* EXERCISE *
No pictures belong in the copy. Restate the rest of the data exactly.

* GIVEN DATA *

---------------

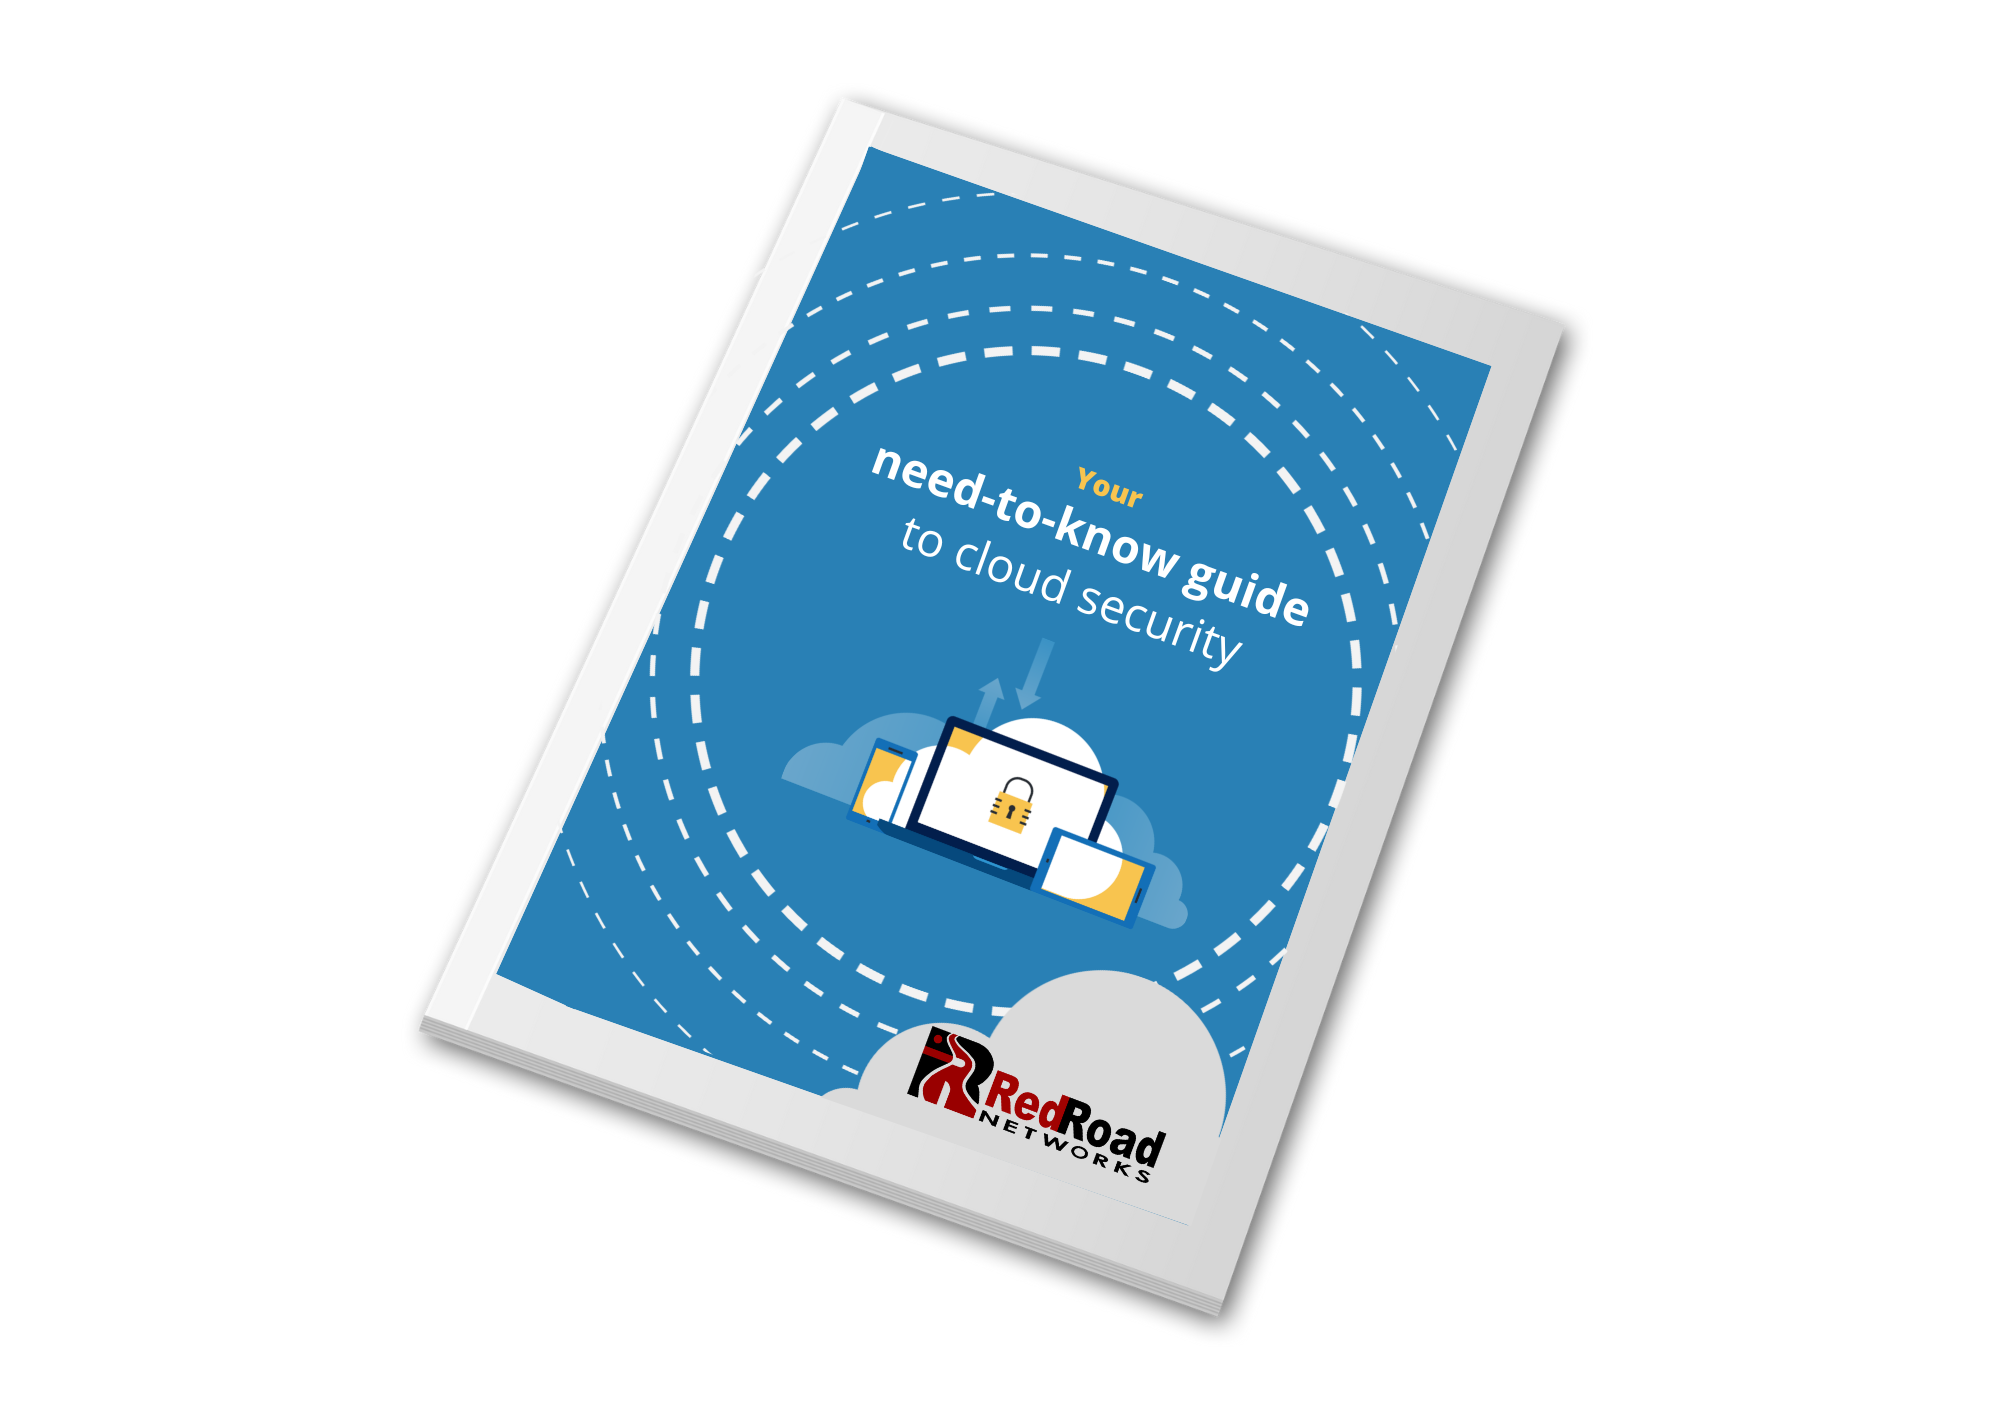 Your need-to-know guide to cloud security
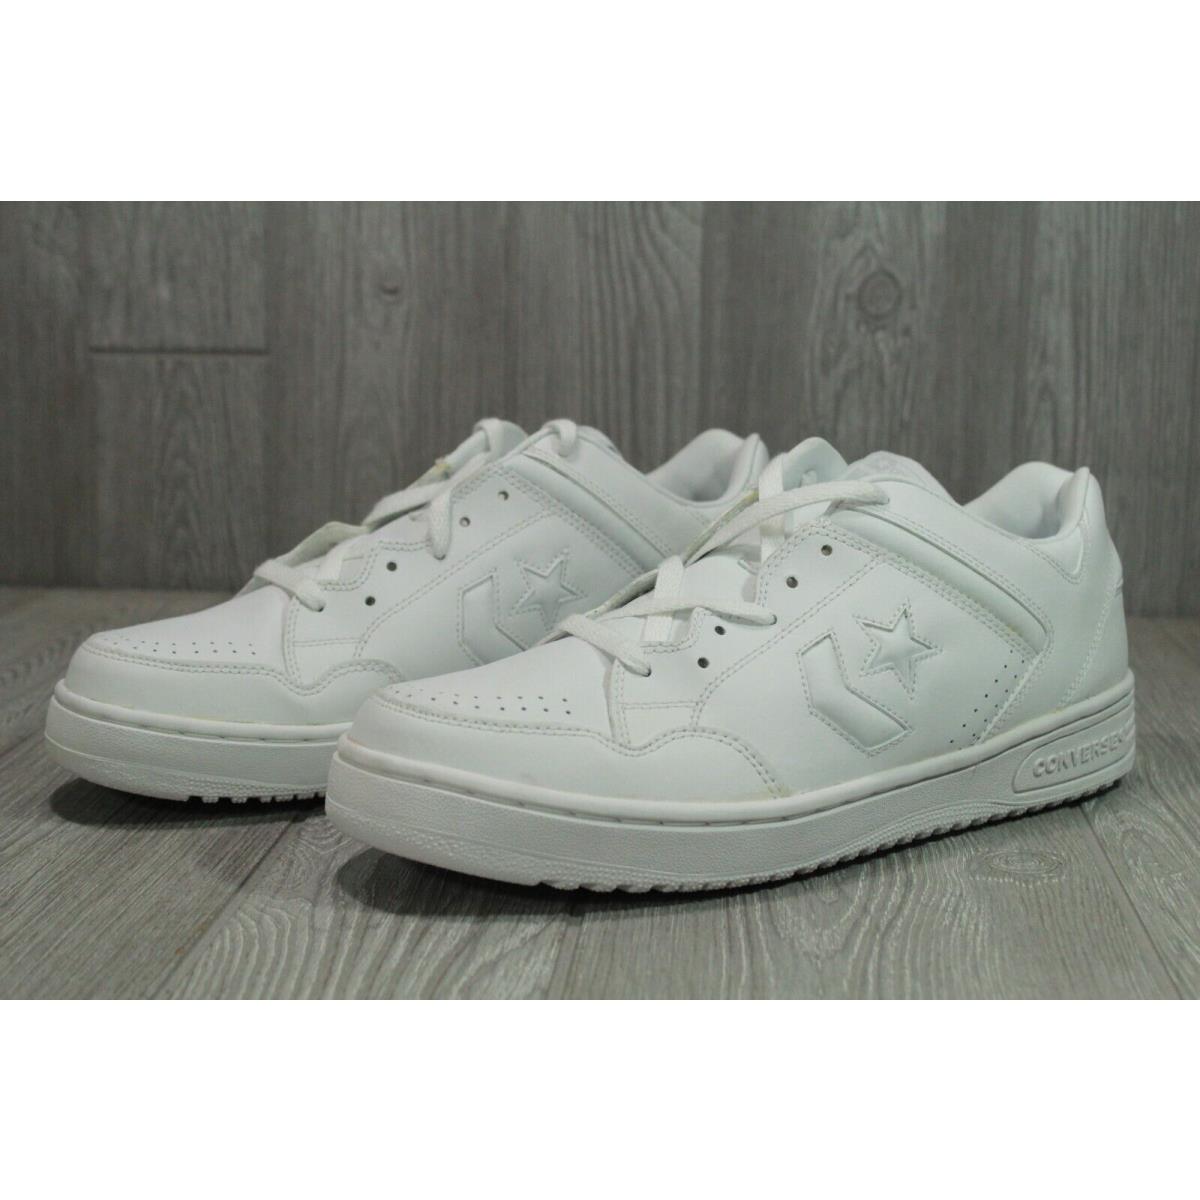 Converse shoes Weapon - White 0
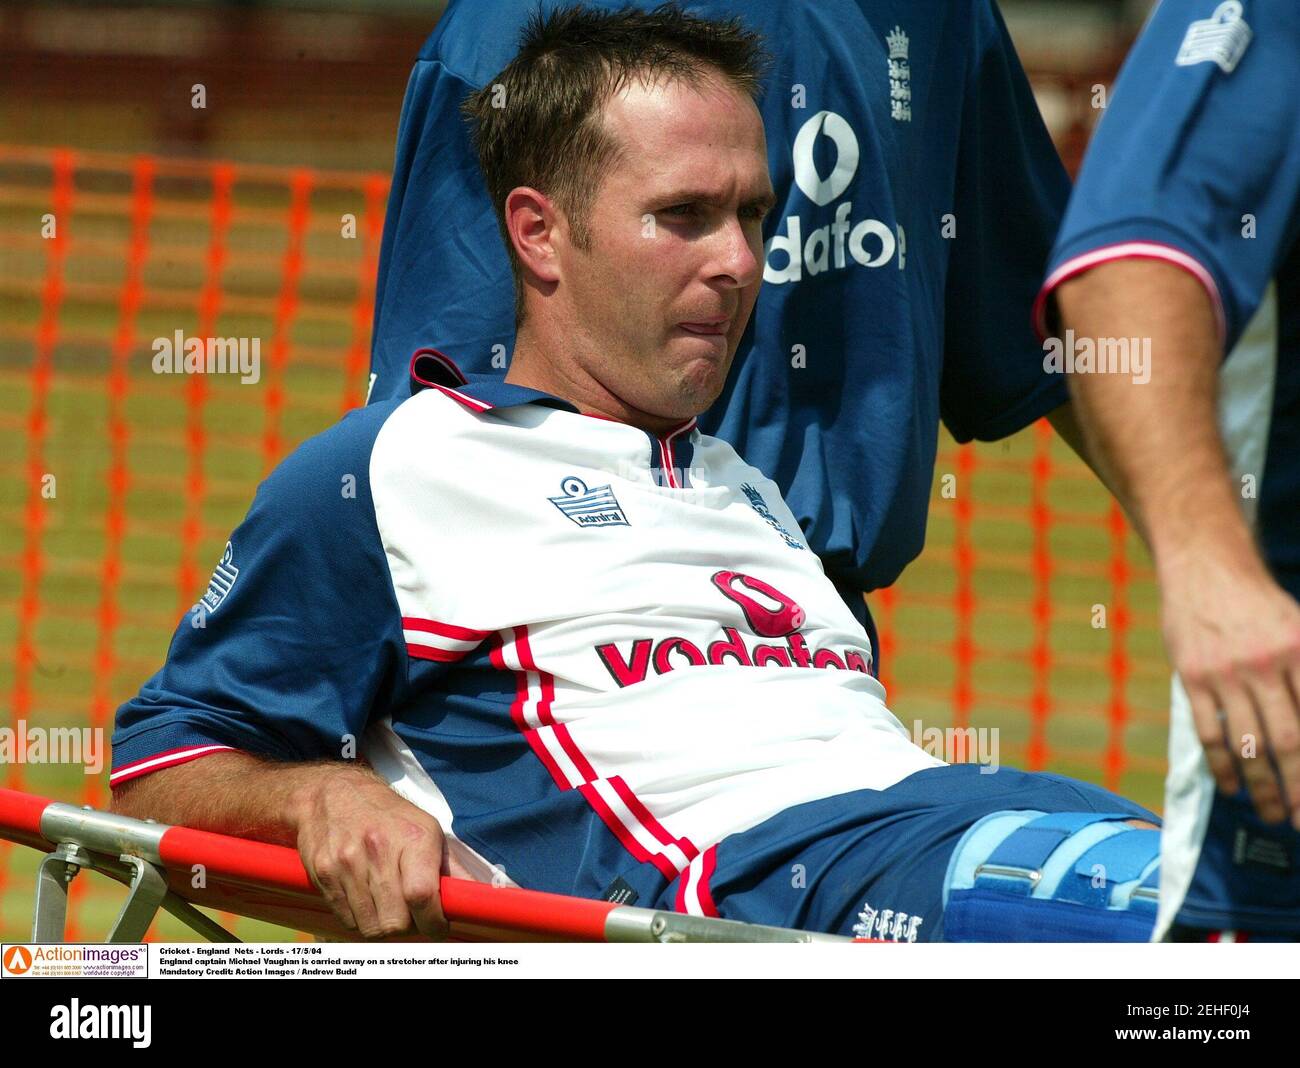 Cricket - England  Nets - Lord's  - 17/5/04  England captain Michael Vaughan is carried away on a stretcher after injuring his knee  Mandatory Credit: Action Images / Andrew Budd Stock Photo

---------------

* TASK OUTPUT *
 Your need-to-know guide to cloud security
 Converse shoes Weapon - White 0
 Cricket - England  Nets - Lord's  - 17/5/04  England captain Michael Vaughan is carried away on a stretcher after injuring his knee  Mandatory Credit: Action Images / Andrew Budd Stock Photo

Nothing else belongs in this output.